Question

How do you find the asymptotes for `y= (3(x+5))/((x+1)(x+2))`?

Answer 1

Horizontal asymptotes: `x=-1 color(white)("XX")andcolor(white)("XX")x=-2`
Vertical asymptote: `y=0`

Explanation:

The denominator of `(3(x+5))/((x+1)(x+2))` will become `0` if `x=-1` or `x=-2`
This results in horizontal asymptotes at these locations (provided the numerator does not also go to `0`, which it doesn't in this case).
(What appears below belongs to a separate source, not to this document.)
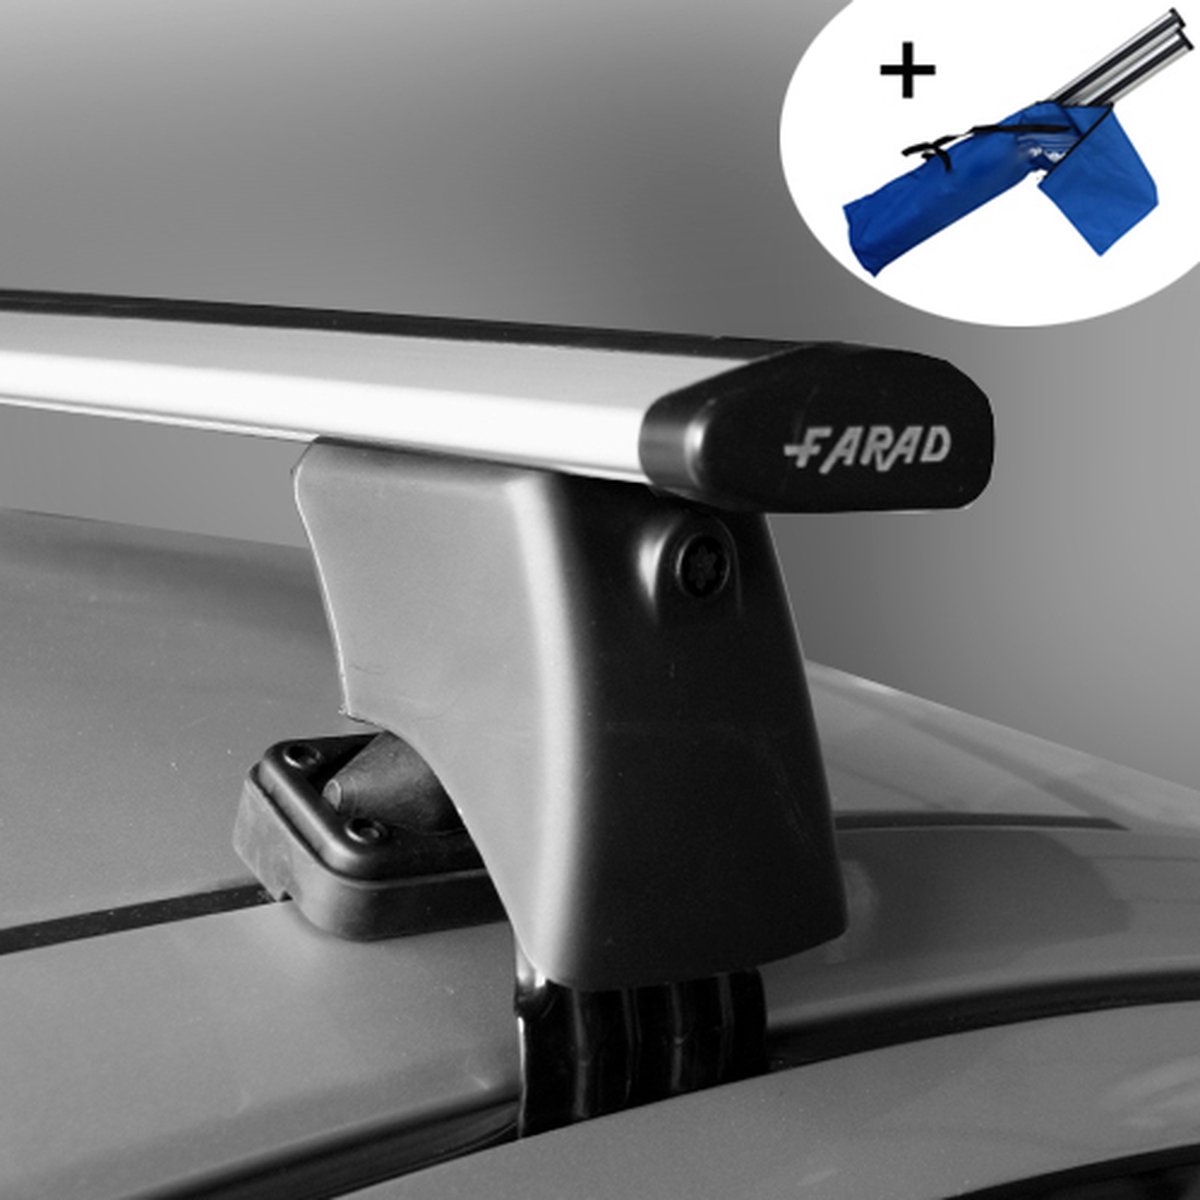 Dakdragers geschikt voor Seat Leon 5 deurs hatchback 2013 t/m 2020 - Wingbar - inclusief dakdrager opbergtas
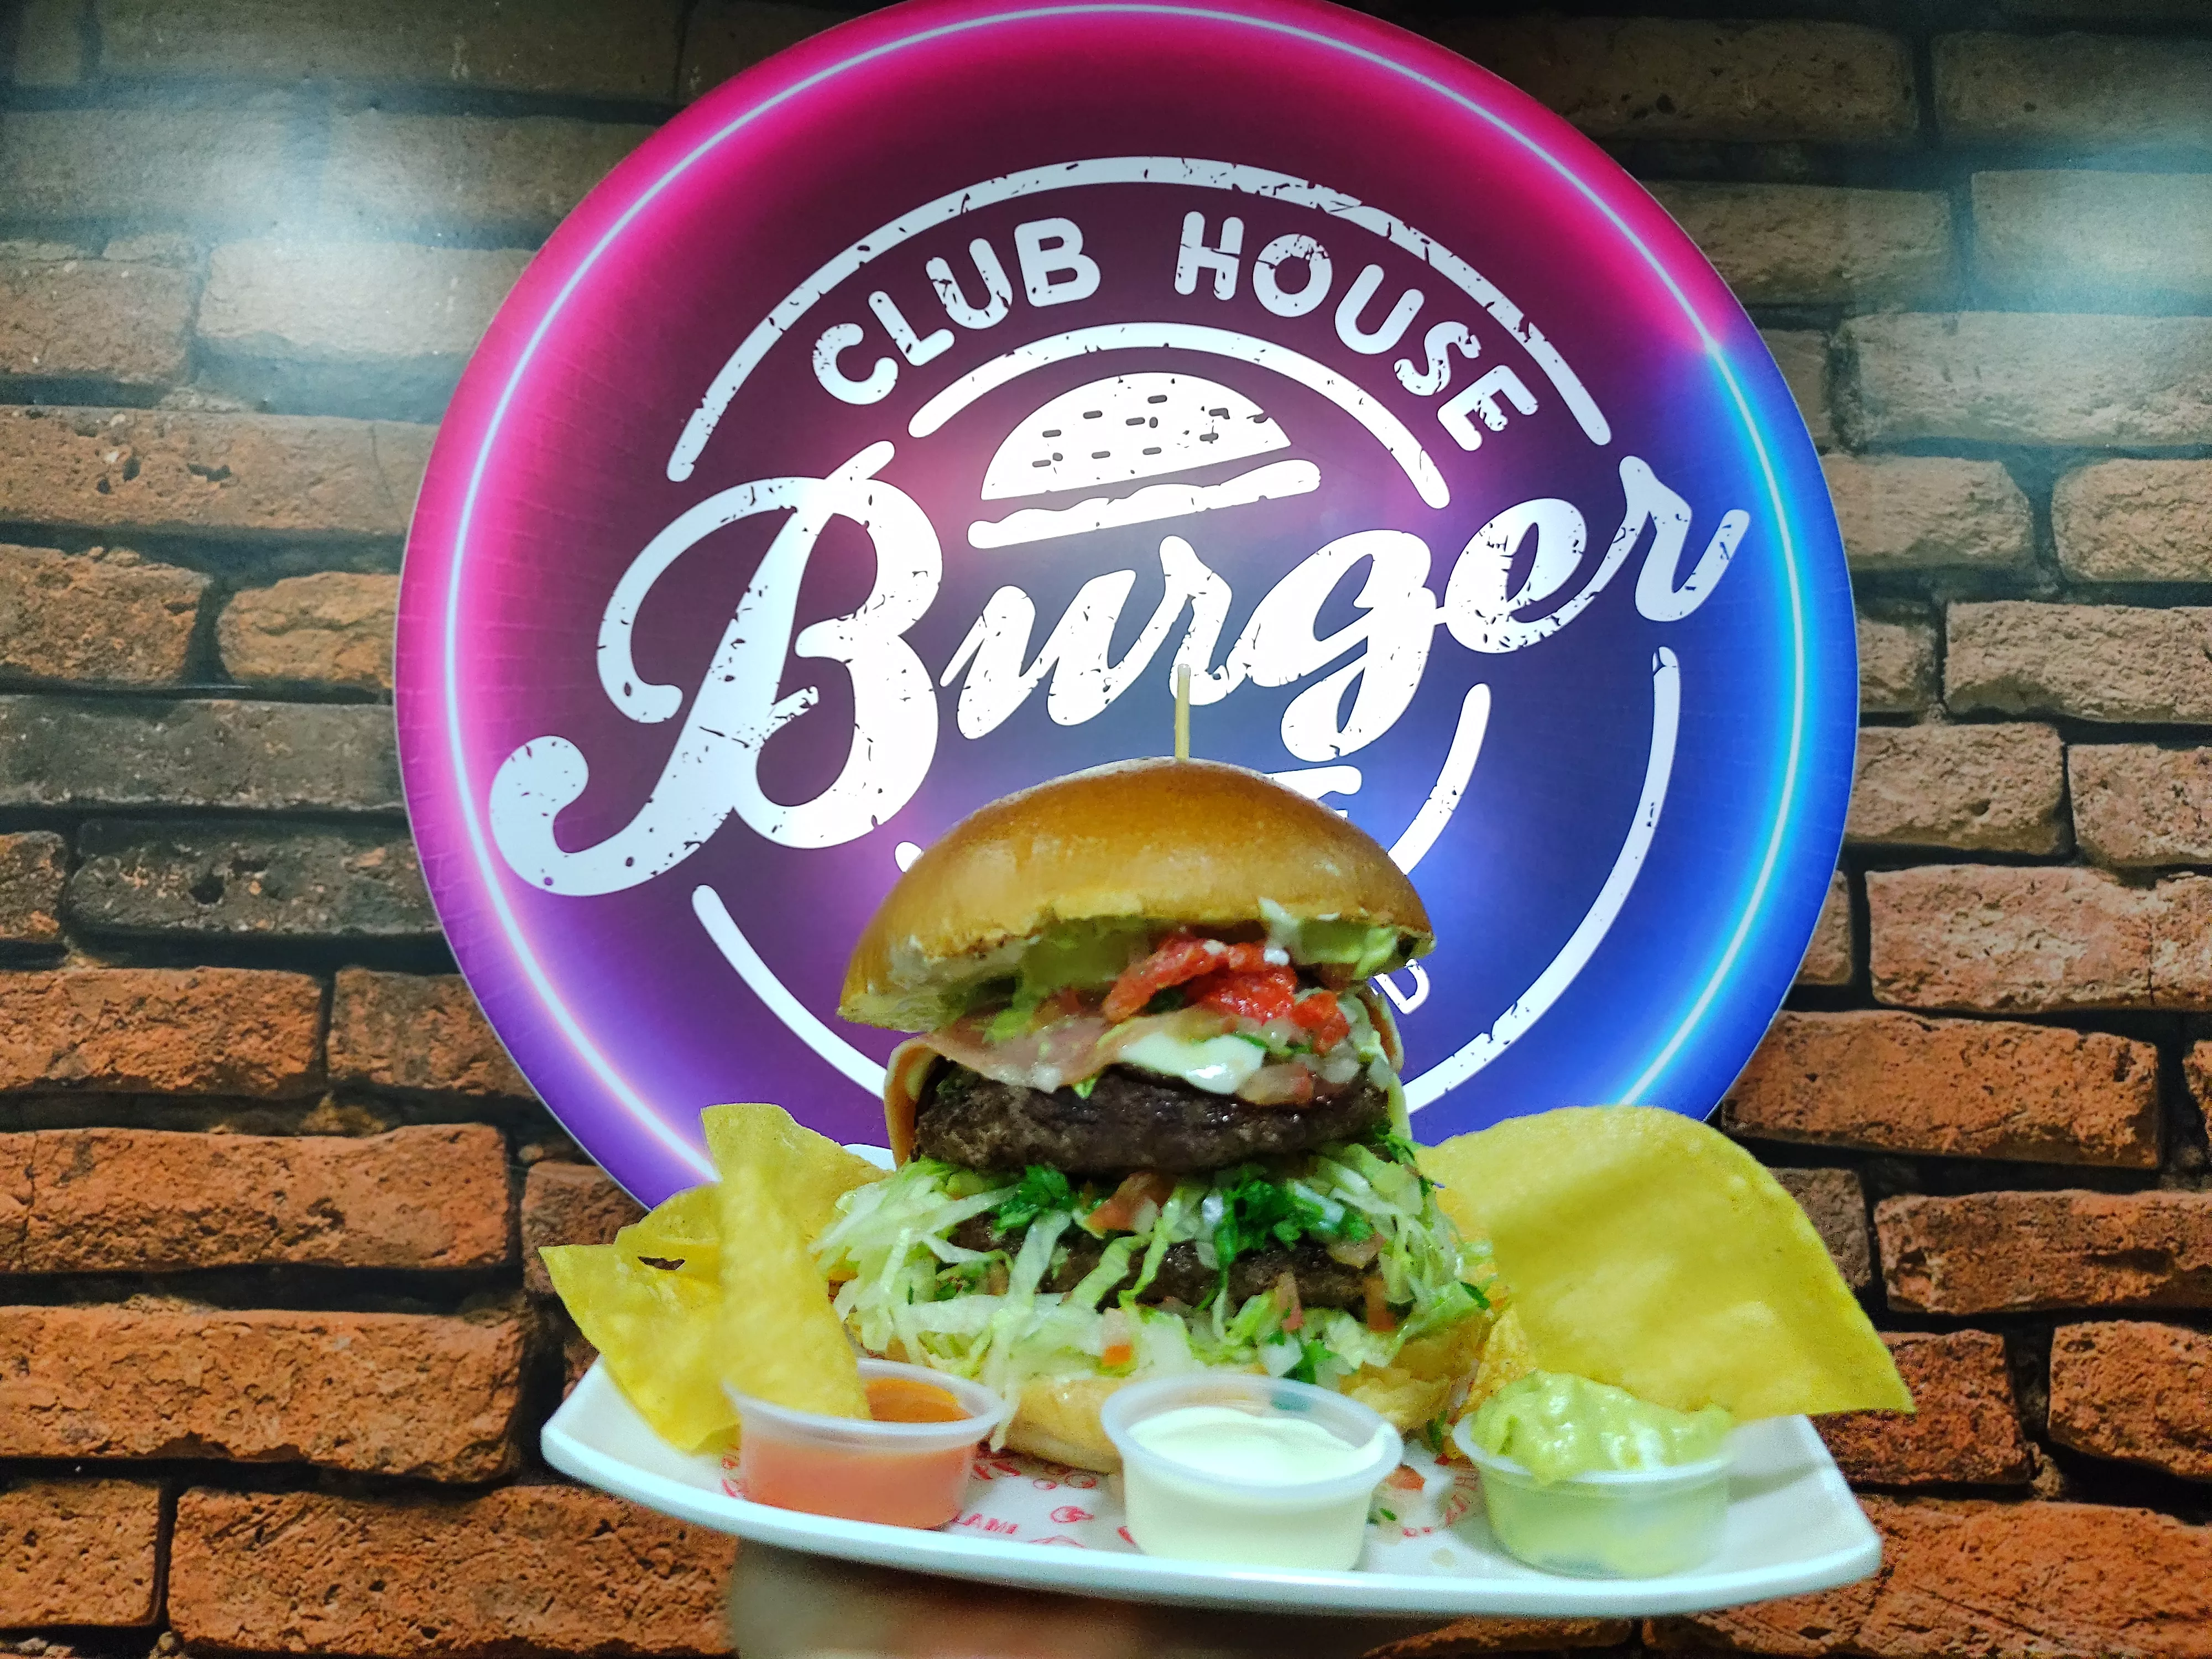 Club house burger

Since the degree of the denominator is greater than the degree of the numerator, as `xrarroo, yrarr0`,
providing the vertical asymptote `y=0`.
This could be made explicitly clear as
`color(white)("XXX")y=(3(x+5))/((x+1)(x+2))`

`color(white)("XXX")=(3x+15)/(x^2+3x+2)`

`color(white)("XXX")=(3+15/x)/(x+3+2/x)`

As `xrarroo` `15/xrarr0` and `2/xrarr0`

leaving `lim_(xrarroo) 3/(x+3)` with the constant numerator and the constant added in the denominator becoming less significant as `xrarroo`
So `lim_(xrarroo) 3/(x+3) rarr lim_(xrarroo)1/x rarr 0`